**Raw data**
·····

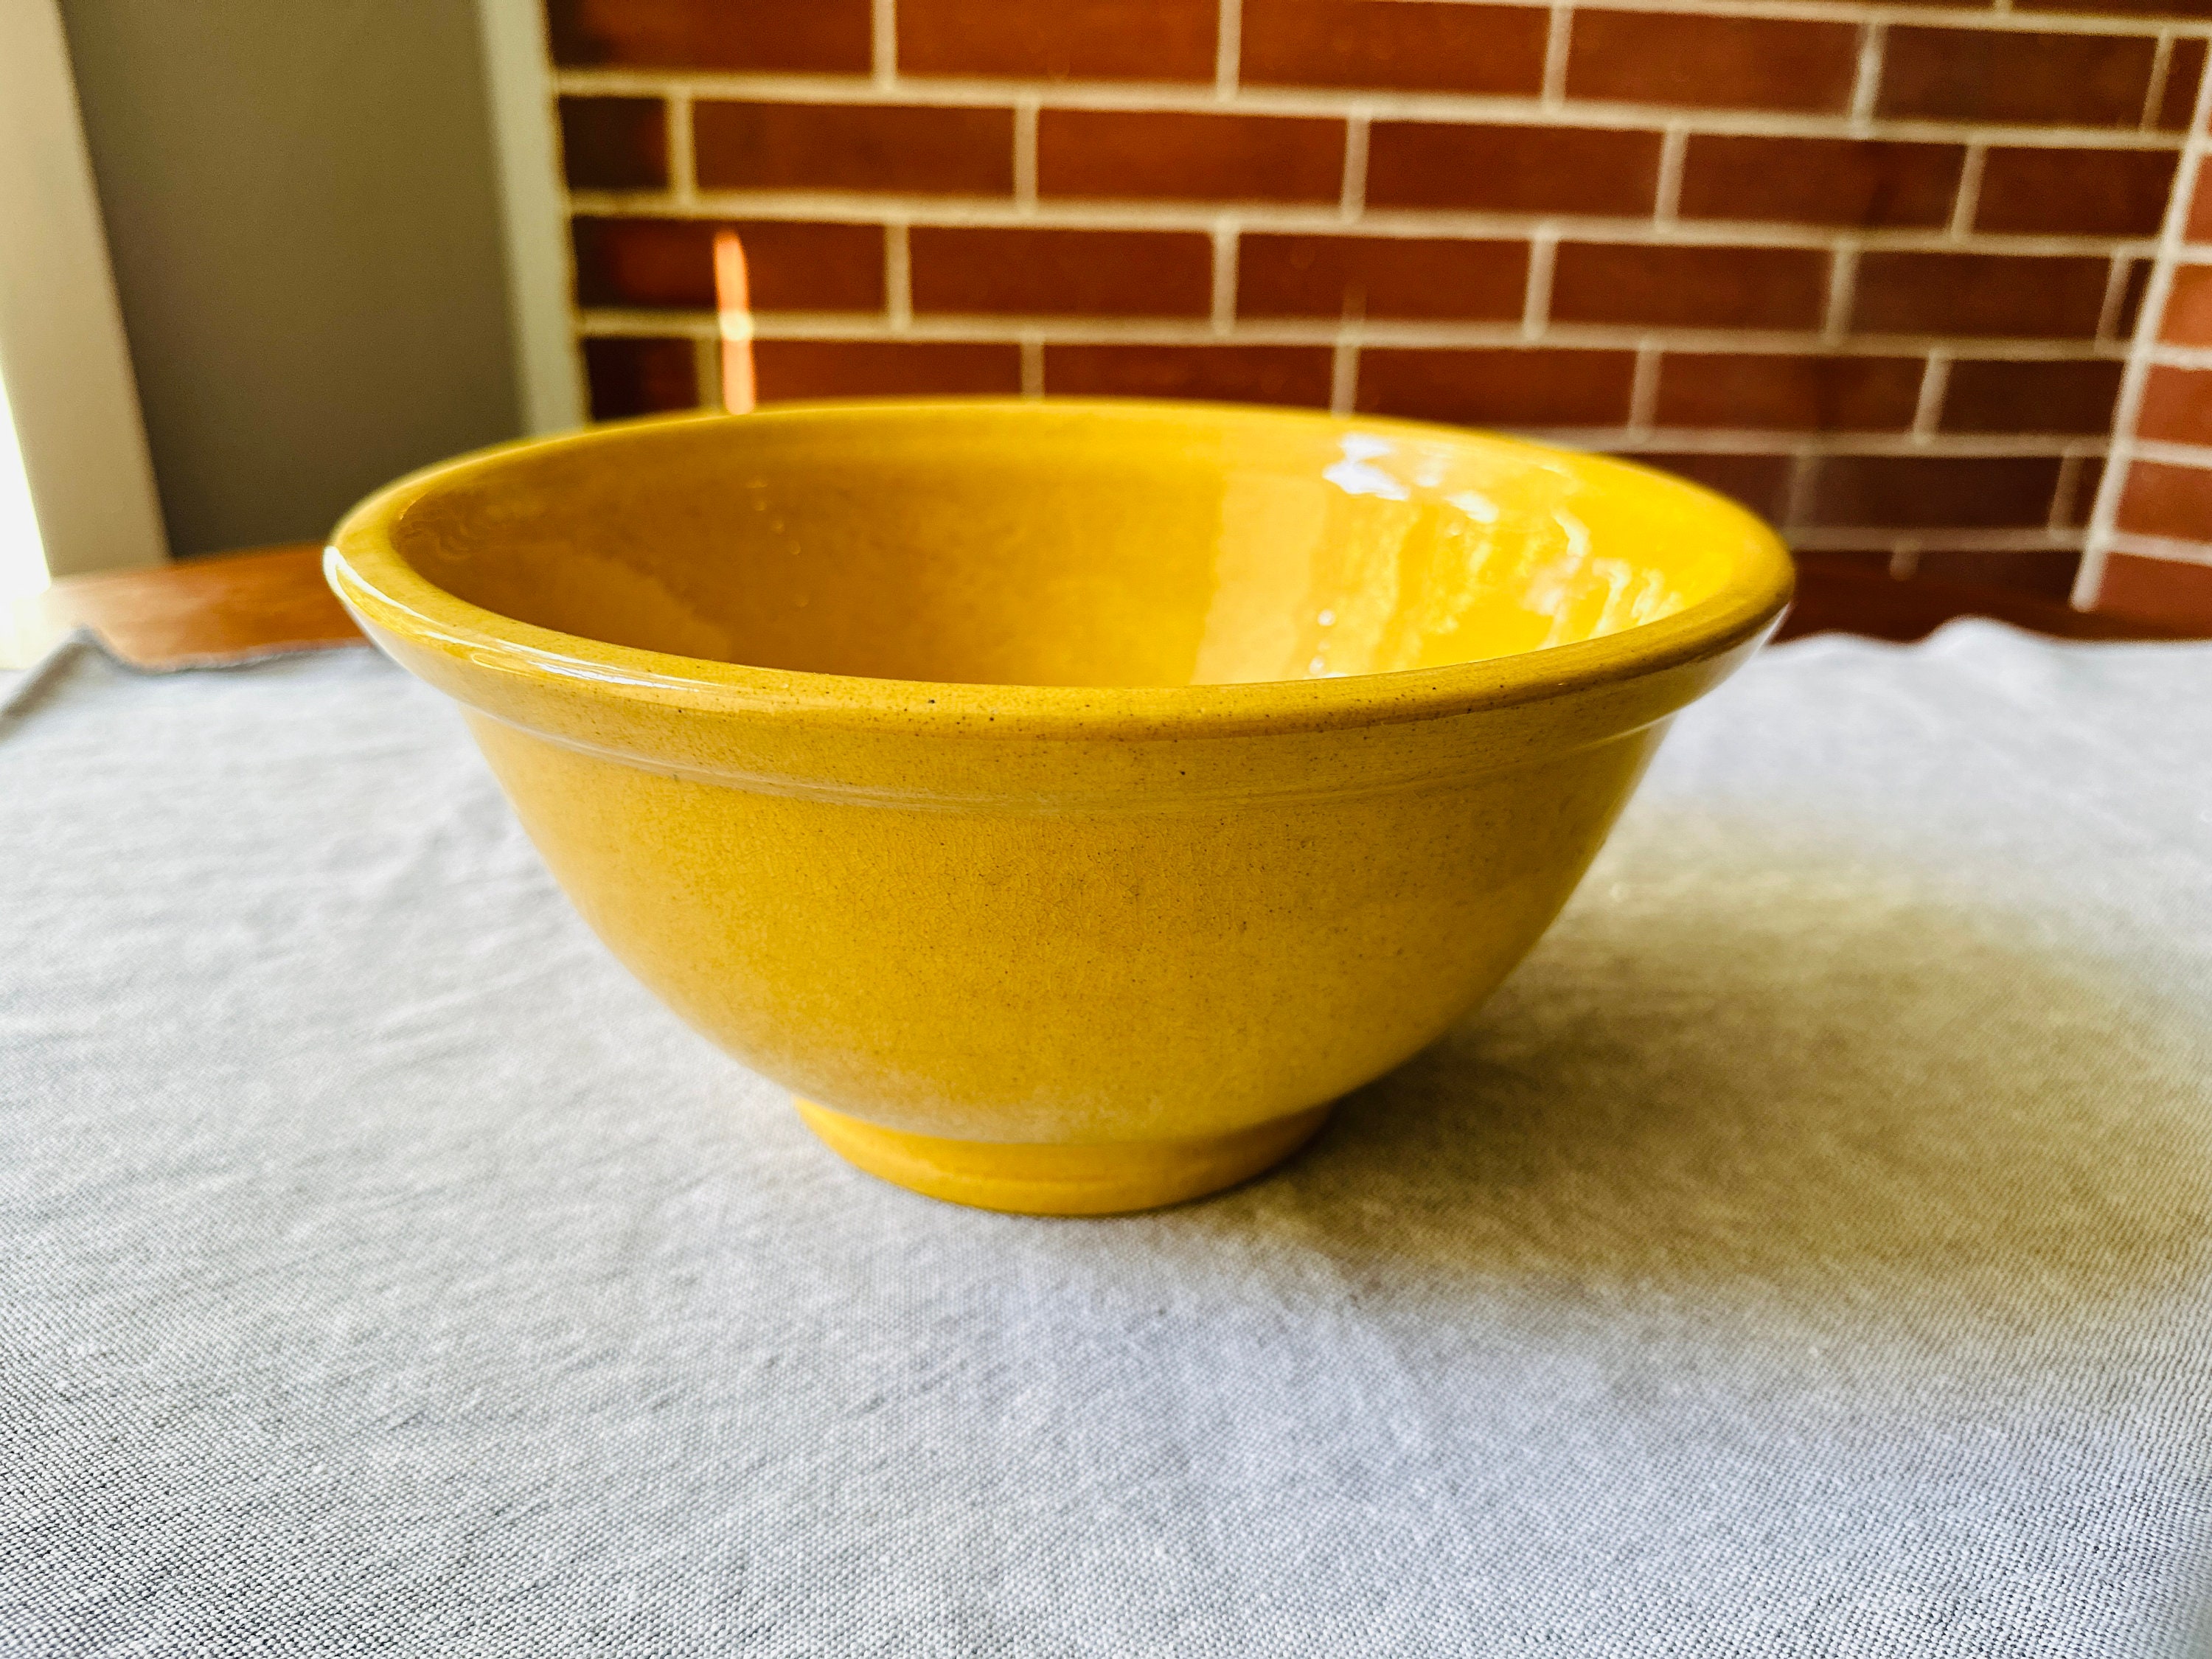 RUBBERMAID MIXING BOWL 2661 6 Cup Yellow Measuring Cup Vintage Chef  Culinary Baking Cookbook Cook Book Cooking Kitchen Mod Mid Century 29 
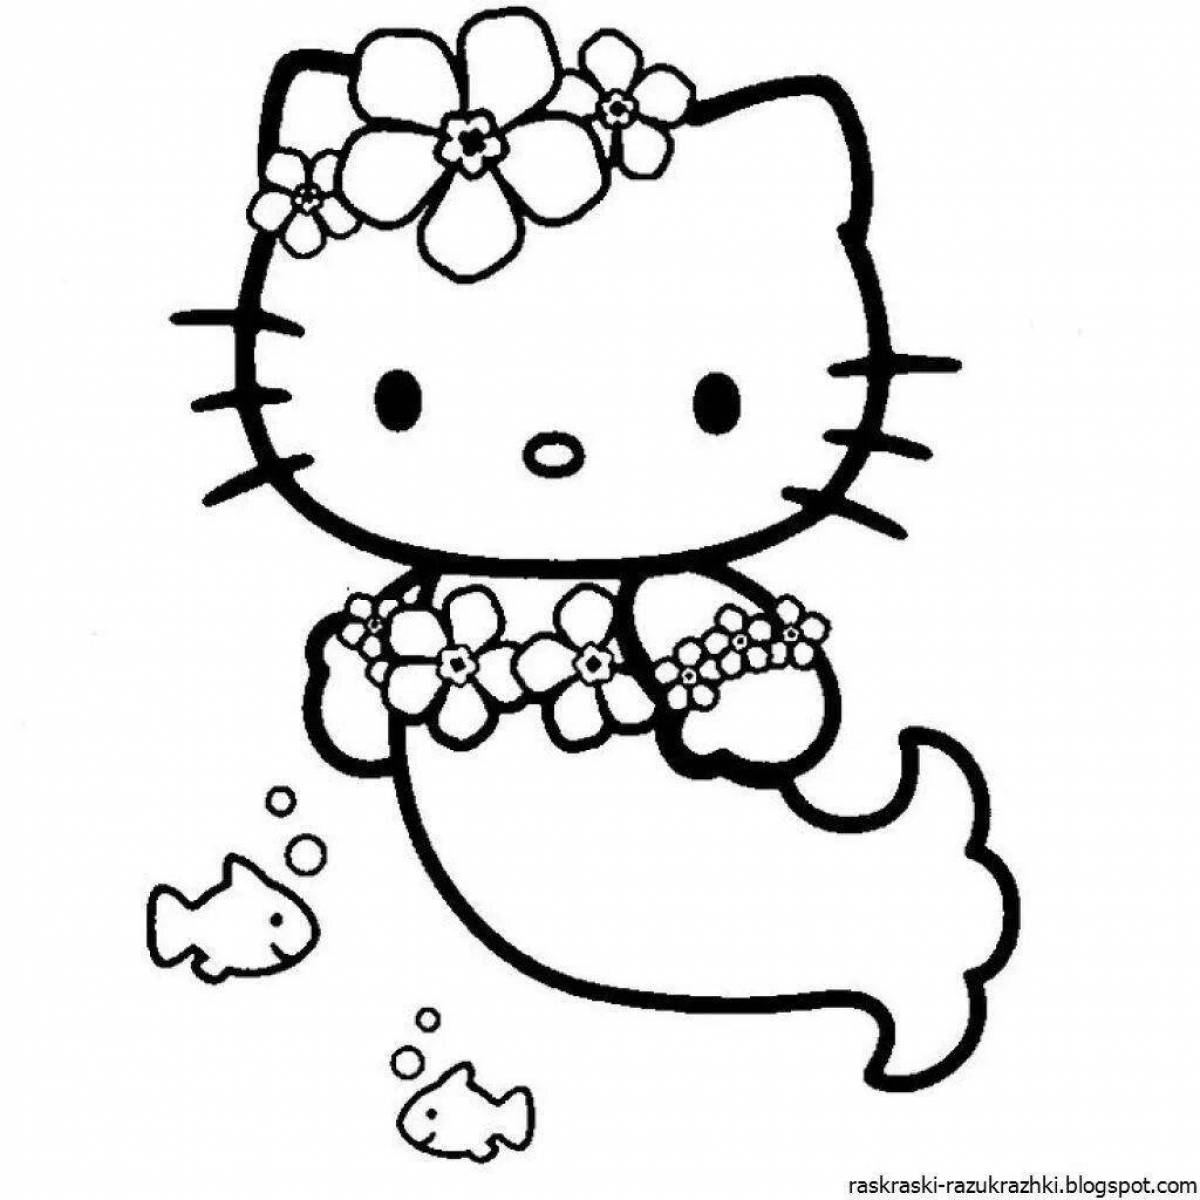 Exquisite hello kitty coloring game
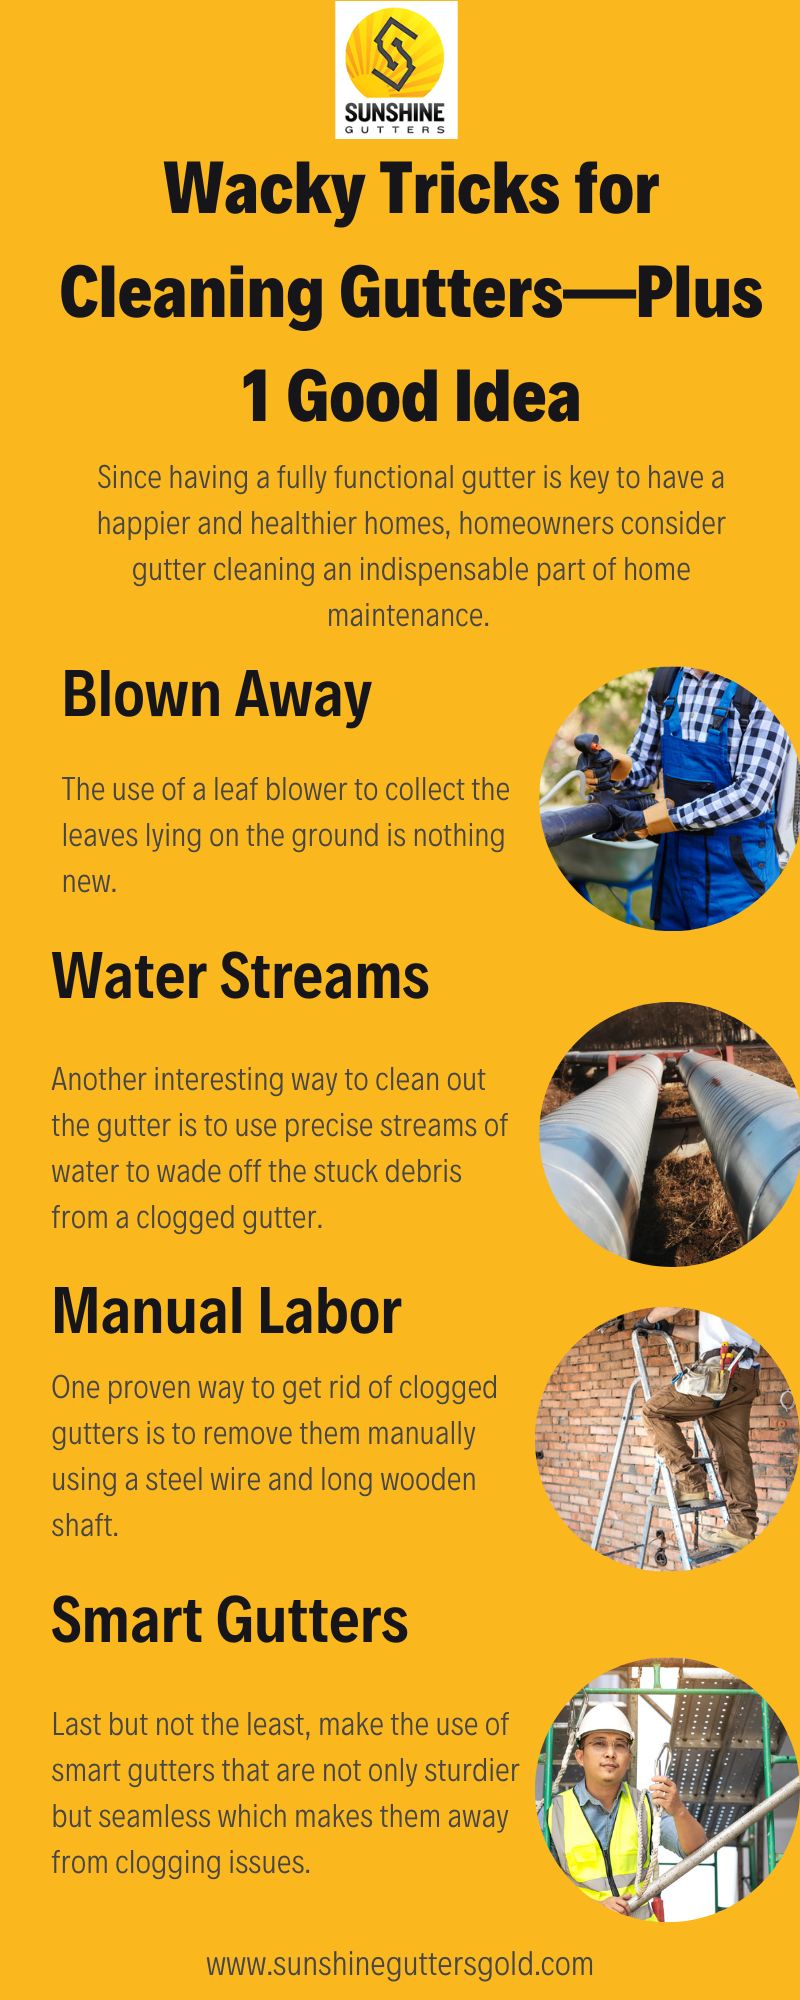 Wacky Tricks for Cleaning Gutters—Plus 1 Good Idea

·····

**Required action**
Write out the whole listing exactly. Do not include the pictures.

**Solution to this exercise**
 RUBBERMAID MIXING BOWL 2661 6 Cup Yellow Measuring Cup Vintage Chef  Culinary Baking Cookbook Cook Book Cooking Kitchen Mod Mid Century 29 
 Exquisite hello kitty coloring game
 Wacky Tricks for Cleaning Gutters—Plus 1 Good Idea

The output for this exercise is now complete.